LISTED ENTRIES:
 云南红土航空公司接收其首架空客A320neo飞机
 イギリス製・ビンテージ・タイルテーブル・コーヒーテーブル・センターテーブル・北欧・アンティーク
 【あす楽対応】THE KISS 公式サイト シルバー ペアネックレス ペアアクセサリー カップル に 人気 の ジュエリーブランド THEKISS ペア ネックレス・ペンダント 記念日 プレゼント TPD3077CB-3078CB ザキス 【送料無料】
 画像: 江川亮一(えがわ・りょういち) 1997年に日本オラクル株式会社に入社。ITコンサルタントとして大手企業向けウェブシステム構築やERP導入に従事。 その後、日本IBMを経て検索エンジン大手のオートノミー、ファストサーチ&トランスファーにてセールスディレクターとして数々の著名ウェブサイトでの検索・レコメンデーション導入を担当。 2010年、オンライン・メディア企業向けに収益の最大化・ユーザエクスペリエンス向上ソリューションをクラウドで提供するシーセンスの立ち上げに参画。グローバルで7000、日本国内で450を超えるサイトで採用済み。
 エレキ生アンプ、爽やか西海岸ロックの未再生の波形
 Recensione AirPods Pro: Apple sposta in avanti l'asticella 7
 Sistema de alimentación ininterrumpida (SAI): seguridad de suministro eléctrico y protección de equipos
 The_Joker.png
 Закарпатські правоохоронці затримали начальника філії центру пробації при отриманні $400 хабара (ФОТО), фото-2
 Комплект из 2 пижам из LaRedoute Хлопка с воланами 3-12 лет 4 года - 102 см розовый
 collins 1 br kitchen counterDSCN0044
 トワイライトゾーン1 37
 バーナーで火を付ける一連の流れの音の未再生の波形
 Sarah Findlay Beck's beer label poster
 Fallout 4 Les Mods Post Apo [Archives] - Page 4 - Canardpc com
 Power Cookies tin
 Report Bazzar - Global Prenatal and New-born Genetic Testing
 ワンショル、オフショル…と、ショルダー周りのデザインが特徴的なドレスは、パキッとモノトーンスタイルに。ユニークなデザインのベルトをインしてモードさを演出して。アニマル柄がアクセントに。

GOAL OF THE EXERCISE: Restate the data verbatim through the "TPD3077CB-3078CB ザキス 【送料無料】" line.

ANSWER BELOW:
 云南红土航空公司接收其首架空客A320neo飞机
 イギリス製・ビンテージ・タイルテーブル・コーヒーテーブル・センターテーブル・北欧・アンティーク
 【あす楽対応】THE KISS 公式サイト シルバー ペアネックレス ペアアクセサリー カップル に 人気 の ジュエリーブランド THEKISS ペア ネックレス・ペンダント 記念日 プレゼント TPD3077CB-3078CB ザキス 【送料無料】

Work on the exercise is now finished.